The System That’s Actually Ruining Your Life (Hint: It’s Not Capitalism)

For a lot of people, “capitalism” has become a catch-all villain.
Stagnant wages? Capitalism.
Crushing debt? Capitalism.
No upward mobility? Capitalism.
But what if that word is doing more harm than good?
Because what we’re living under today isn’t capitalism in any serious or historical sense.
What capitalism was supposed to be
At its core, capitalism requires a few uncomfortable things:
- Free markets
- Honest price discovery
- Real risk
- Real failure
In true capitalism:
- Bad ideas die
- Overleveraged companies collapse
- Reckless risk is punished, not bailed out
It’s a harsh system—but it’s also self-correcting.
What we actually have
Now compare that to reality.
Markets today are anything but free:
- Monopolies are protected, not challenged (Big Food dominance)
- Corporations help write the regulations meant to restrain them (Regulatory capture)
- Losses are socialized through bailouts (Bank bailouts)
- Money itself is centrally managed and politically distorted (Interest rate manipulation)
This isn’t capitalism.
It’s corporatism, financial feudalism, or state-managed capital—pick your label.
A capitalist system is defined by productivity deciding winners. Our current system is defined by political access deciding winners.
Why blaming capitalism keeps people stuck
When everything is blamed on “capitalism,” something critical gets lost:
clarity—and agency.
Blaming an abstract system feels righteous, but it’s also paralyzing.
You can’t confront what you can’t clearly define.
It’s like blaming gravity for falling after someone shoved you.

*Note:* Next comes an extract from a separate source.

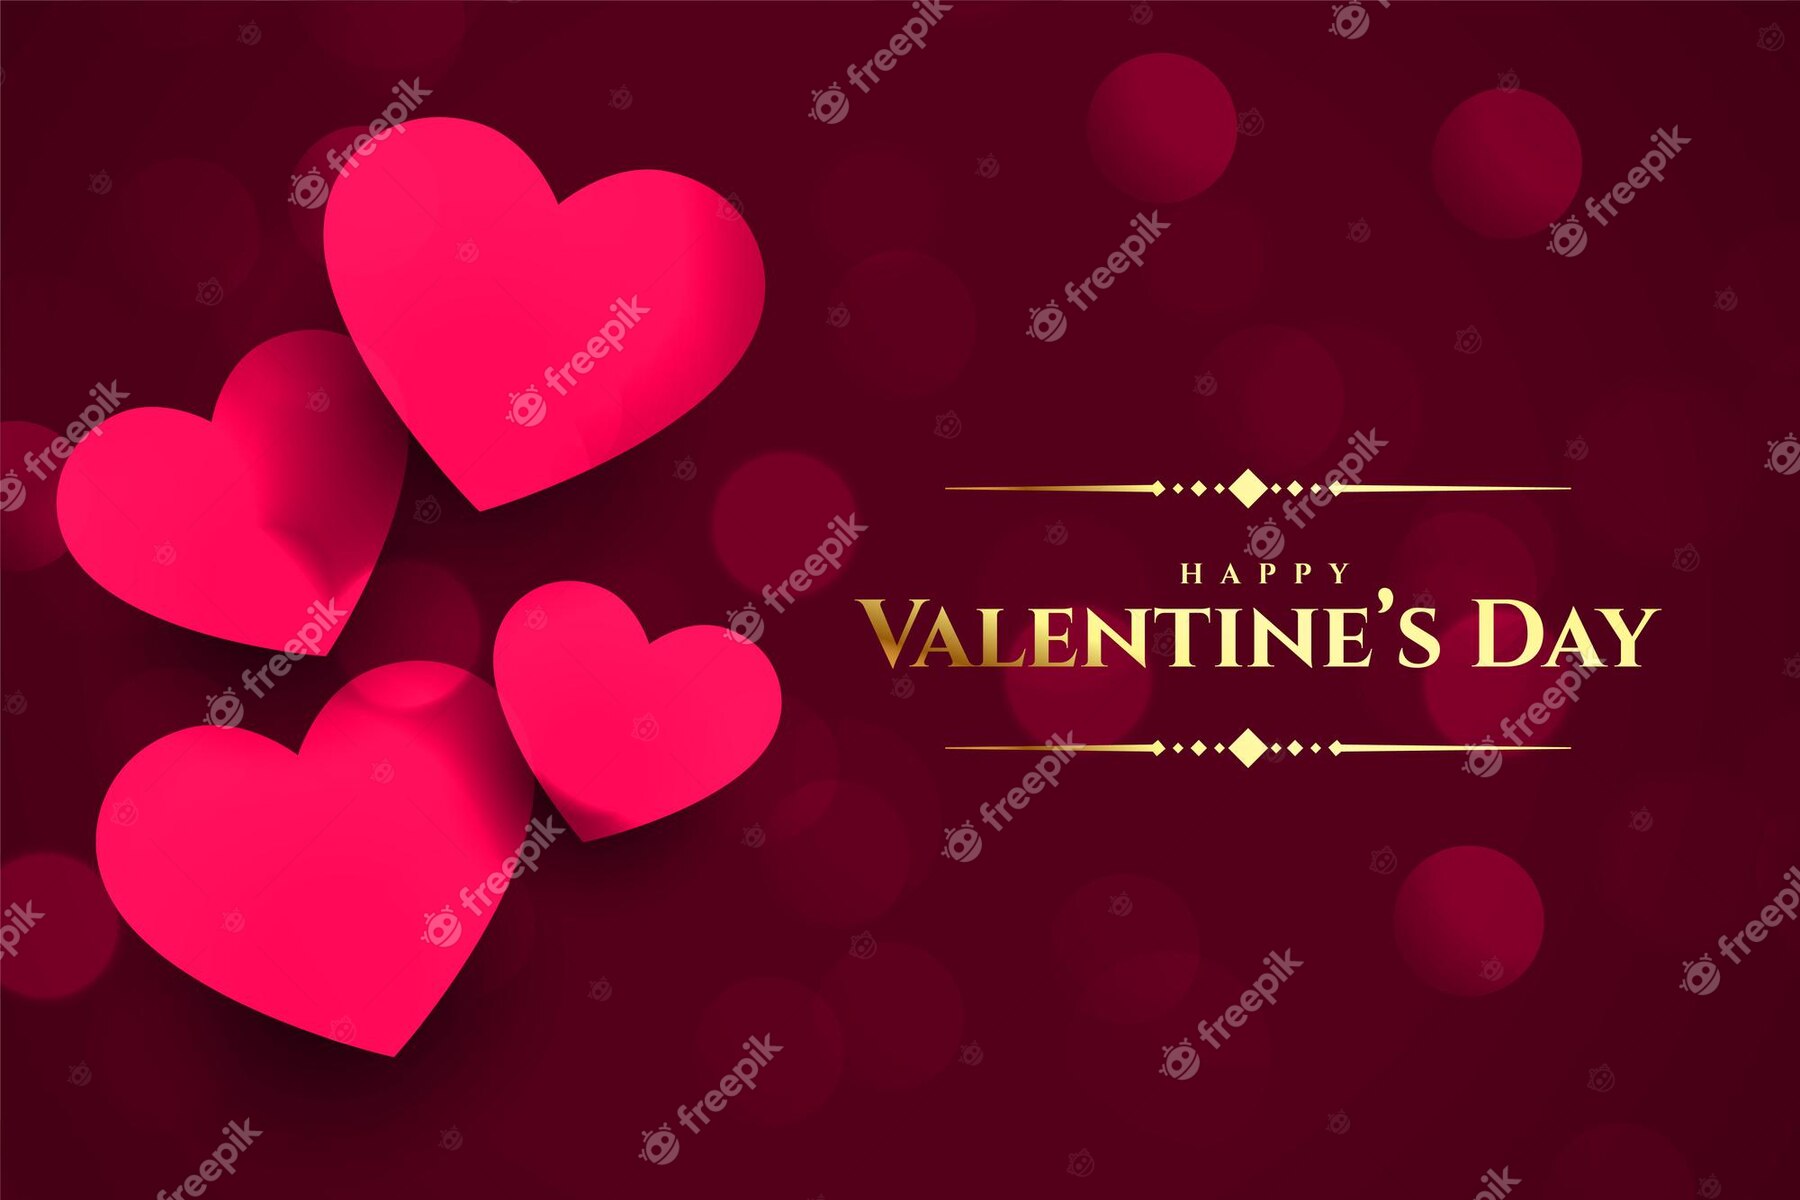 Valentines Day Romantic Card Design 1017 36197

Gravity isn’t the problem.
The shove is.
Misnaming the system protects the real mechanisms that quietly ruin lives:
- Debt-based money: Money is created as debt, meaning someone always owes more than exists. This forces perpetual borrowing just to stay afloat.
(Credit cards) - Regulatory capture: Rules meant to protect the public are written or influenced by the industries they regulate. The referee works for one team.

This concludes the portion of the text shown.